A new economics study found that historically black colleges and universities in Mississippi pay three times more in underwriting fees than do non-HBCU institutions in the country. Photo courtesy Jackson State University
Historically black colleges and universities in Mississippi, Alabama and Louisiana pay three times more in underwriting fees than do their non-HBCU counterparts, a new economics study found. The Journal of Financial Economics reported that HBCUs are targets of such discriminatory lending practices, with the institutions paying 14% more when borrowing money than did non-HBCU institutions across the country.
The study's authors analyzed 4,145 tax-exempt bonds issued by 965 institutions of higher education, 102 of which are HBCUs, between 1988 and 2010. Colleges and universities use tax-exempt loans to finance expansion projects and various improvements. Rather than dealing directly with the investors who finance these multi-million-dollar loans, educational institutions work with the underwriters, the people who purchase the whole loans but then reach out to other investors to buy parts of them.
The study found that HBCUs paid approximately 92 cents per $100 to underwriters, whereas non-HBCUs paid only 81 cents per $100. This means that in order to take out a $1,000,000 loan, HBCUs paid an underwriter $92,000 or 14% more than their non-HBCU colleagues. In Alabama, Louisiana and Mississippi, which the authors concluded had "the highest level of racial animus in the country," HBCUs paid up to 106 cents per $100—30% more than non-HBCUs.
The study used data from "racially charged Google searches" after Obama's election and re-election as well as other surveys to determine whether investors found HBCU bonds unattractive due to taste-based discrimination or "reasons other than their explicit affiliation with racial minorities," such as the costs of trading HBCU-issued bonds in the secondary market or tax incentives for owning bonds in one's state of residence. Nevertheless, the authors found evidence of racial discrimination within the tax-exempt bond market.
The findings come at a time when historically black colleges across the country are already facing a financial crisis due to a combination of rising tuition costs, significant cuts in federal funding and diminishing endowments. A report from the American Council on Education found that federal funding for HBCUs decreased by 42 percent between 2003 and 2015. At the same time, endowments for HBCUs are about 70% lower than for both public and private non-HBCUs. This has caused several historically black colleges and universities to close their doors.
The defunding of historically black colleges and universities has major implications for the students who attend them. Sixty percent of HBCU students are low income and the first in their families to attend college, and 70% of attendees rely on financial aid.
Historically black colleges and universities play a significant role in the advancement of American society and its workforce. Strikingly, HBCUs have graduated 80% of this country's black judges, 50% of its black lawyers and doctors and 40% of black engineers, despite only accounting for 3% of colleges and universities nationwide. Moreover, 17% of all black students in America have earned their bachelor's degrees from HBCUs and, since the early 2000s, HBCUs have graduated nearly one-quarter of all black students with STEM degrees.

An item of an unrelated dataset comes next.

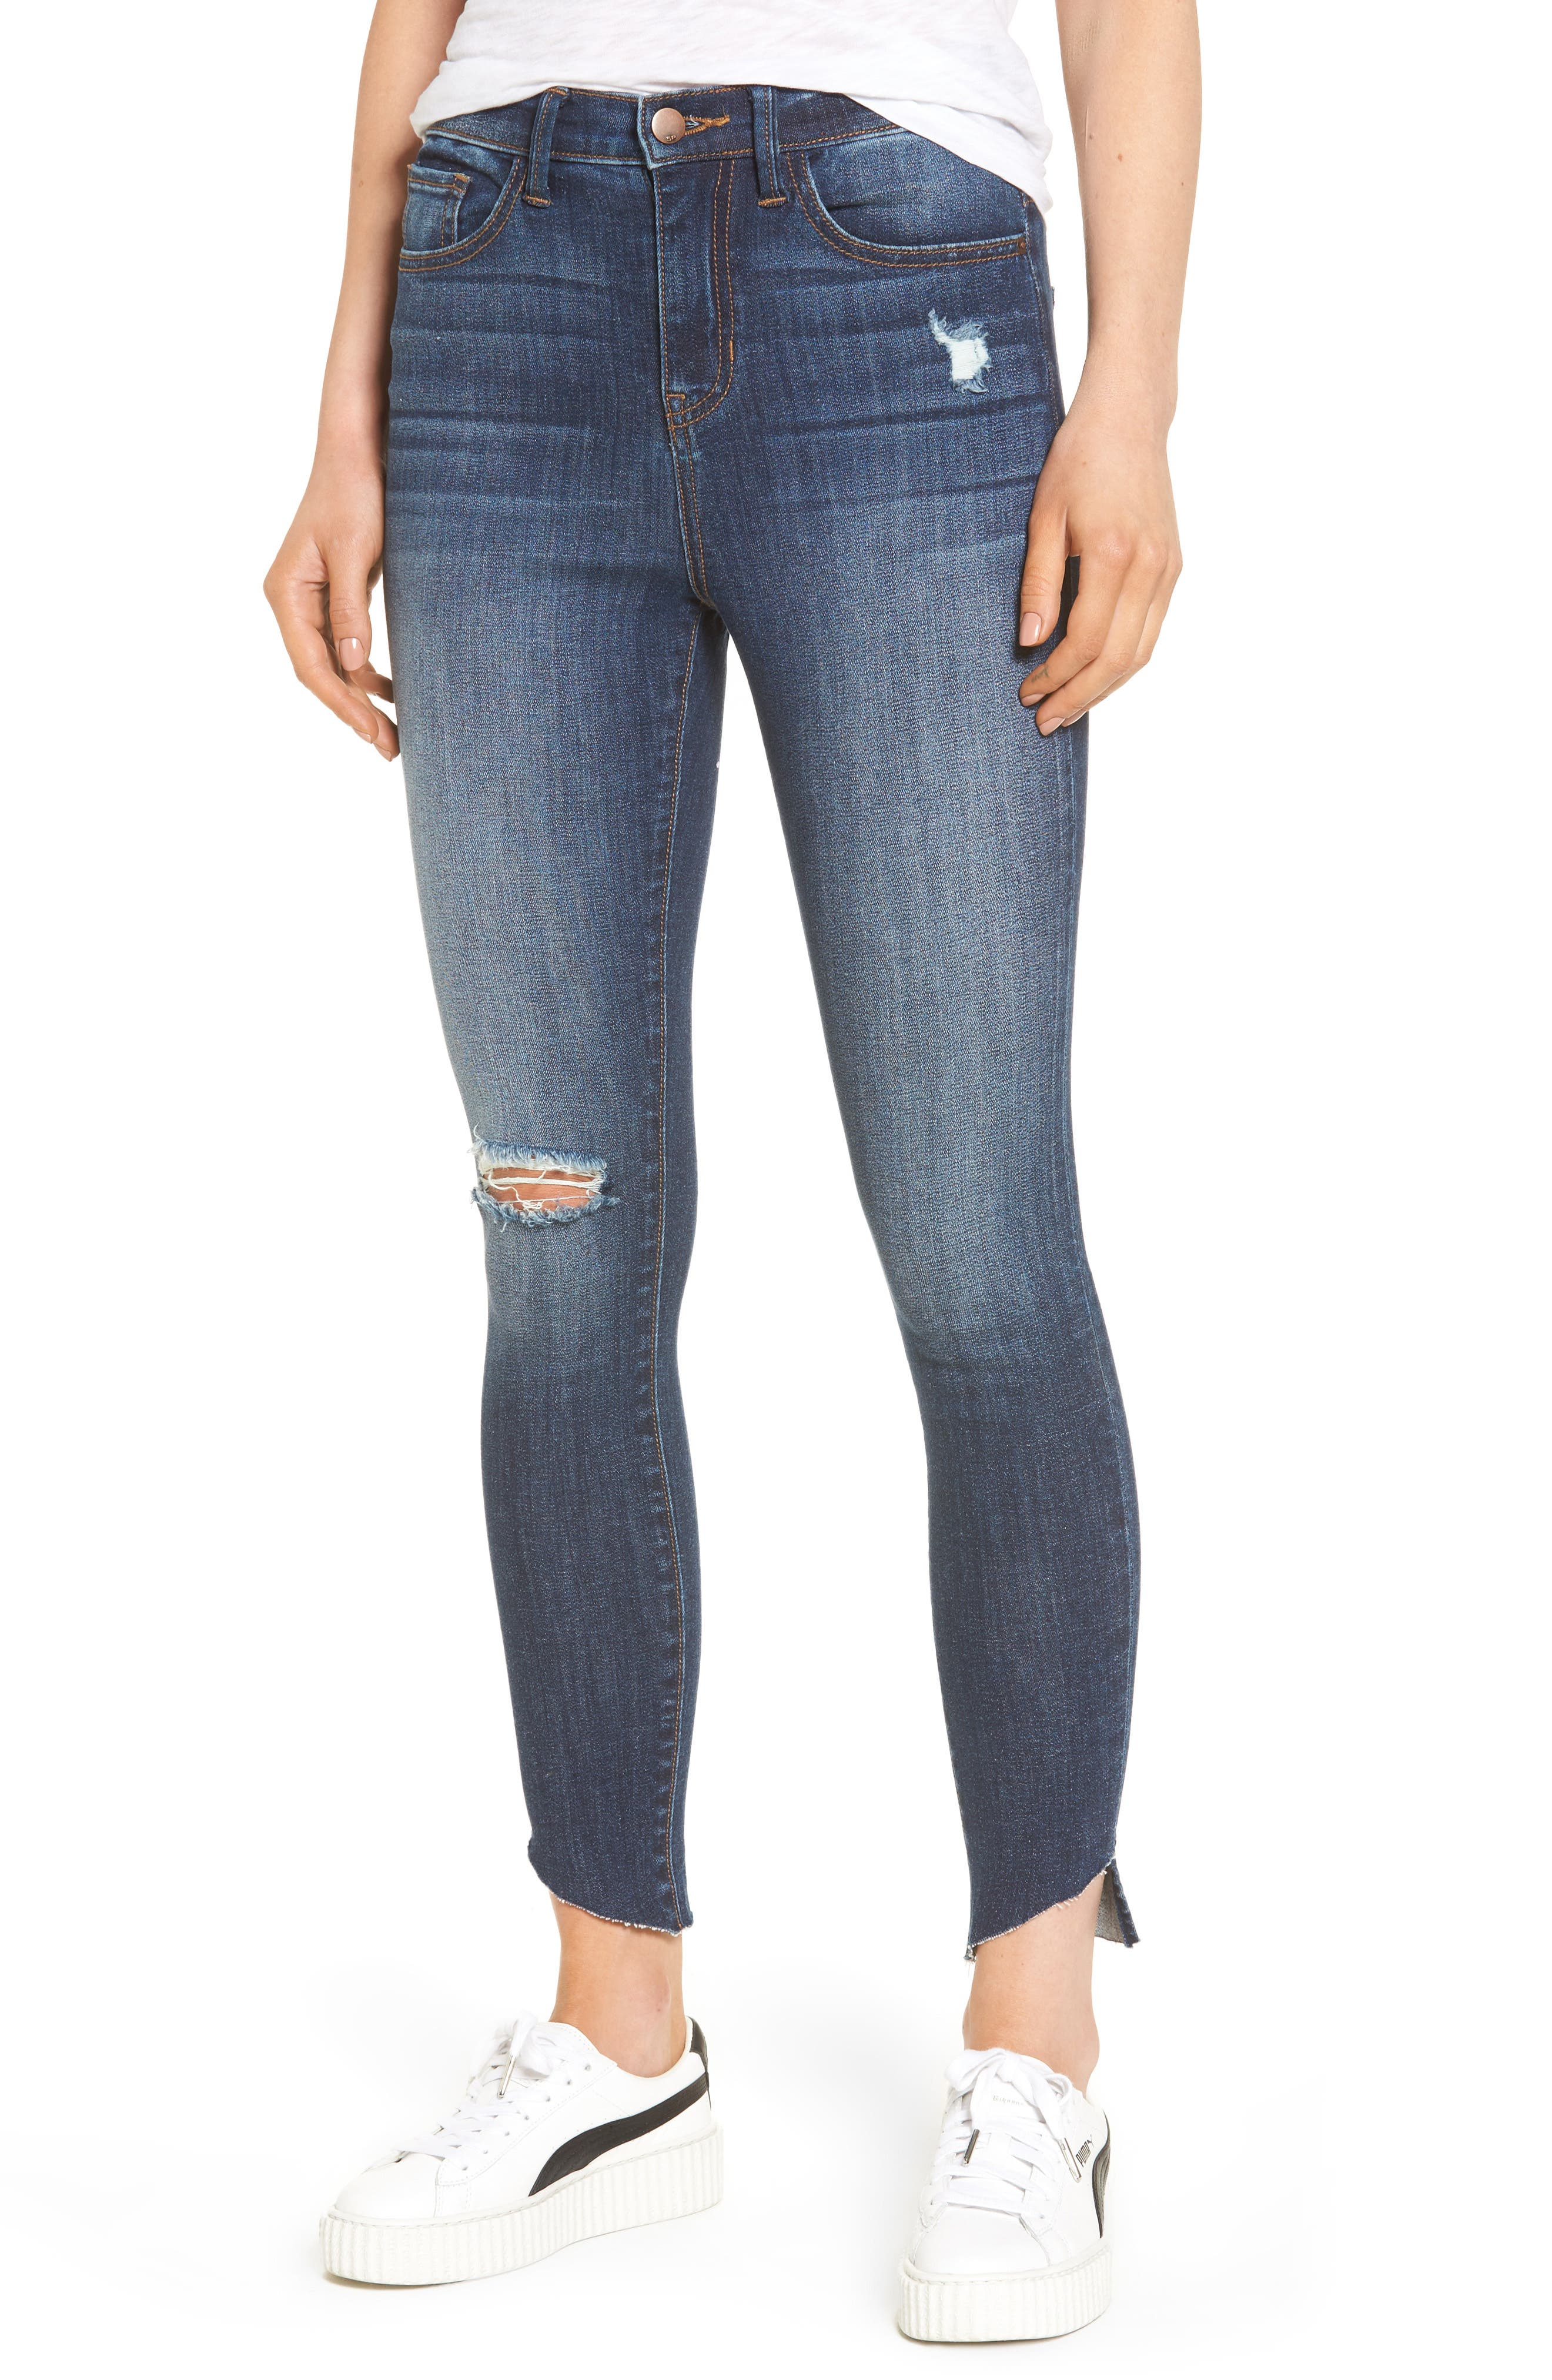 Main Image - SP Black Angled Step Hem High Waist Skinny Jeans
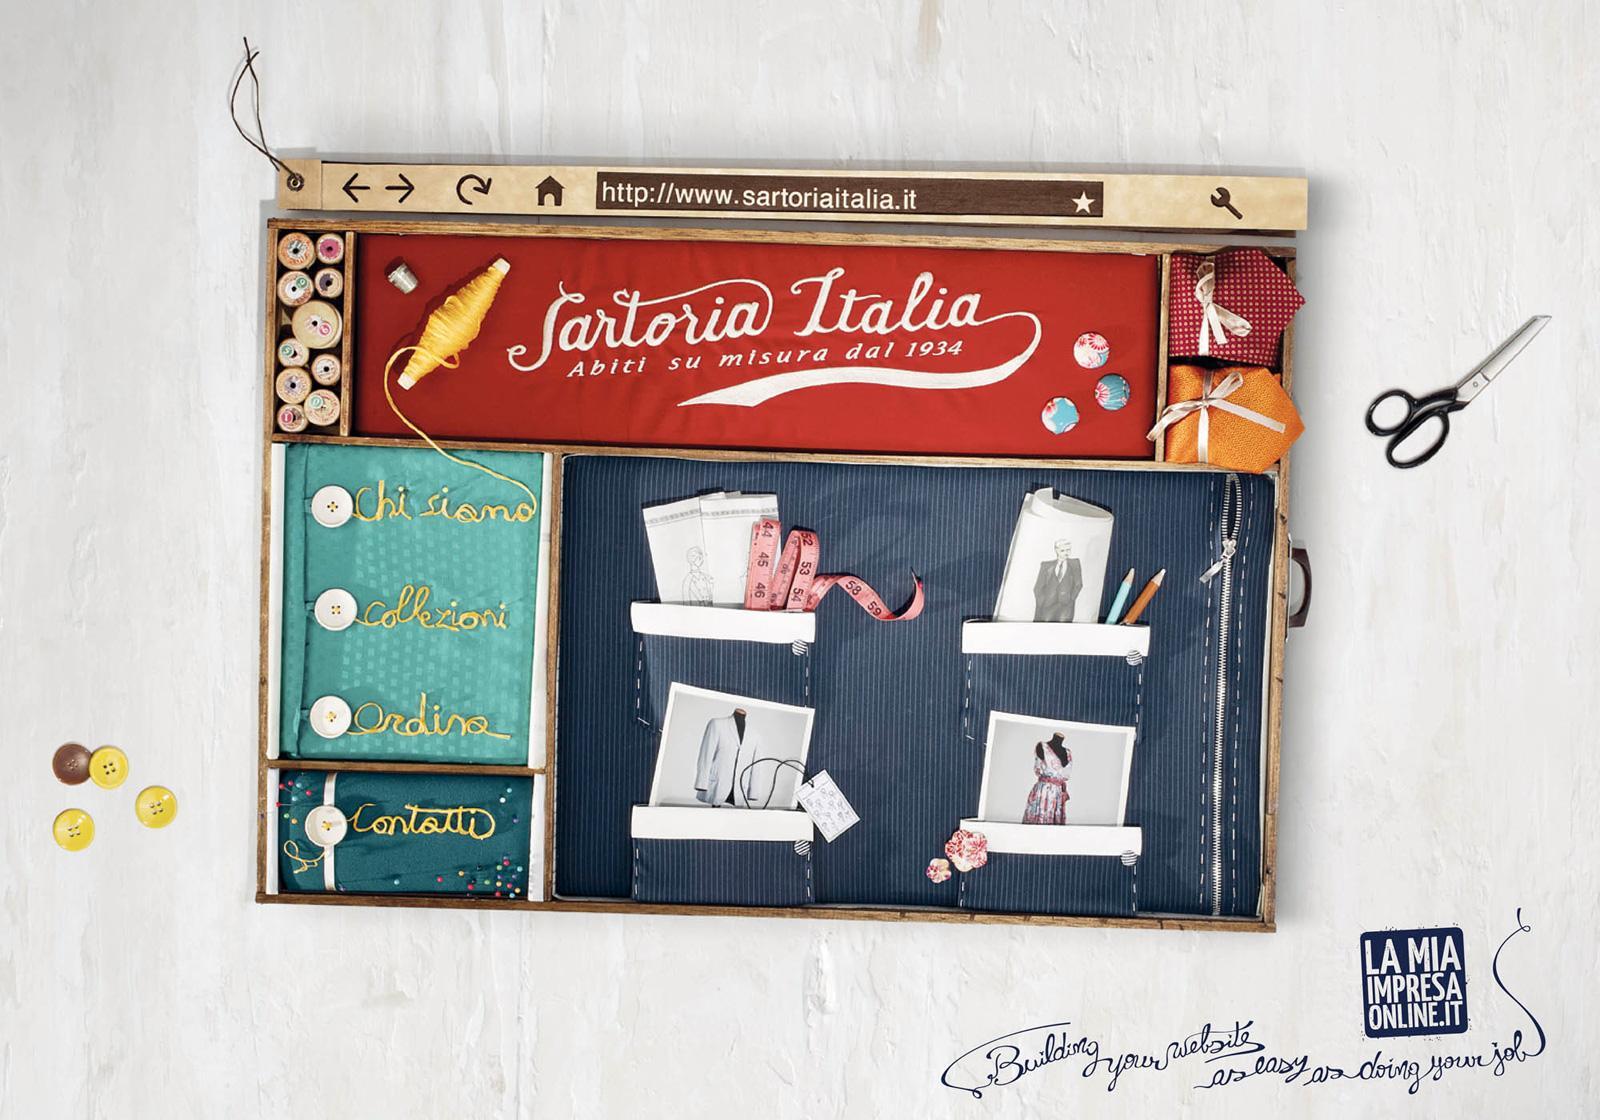 LaMiaImpresaOnline Print Ad -  Building your Web Business, Sartoria Italia

The authors of the study point to a "triple tax exemption" as a way to alleviate the discriminatory lending practices HBCUs face. Historically black colleges and universities can only seek out loans from in-state investors if they want to avoid paying interest on them. But the federal government could designate HBCU bonds as tax-exempt at the local, state, and federal levels, the authors argued.
"Such a designation has precedent as a means to widen bond market participation ... and would serve to lessen the geographic captivity HBCUs currently face," they wrote.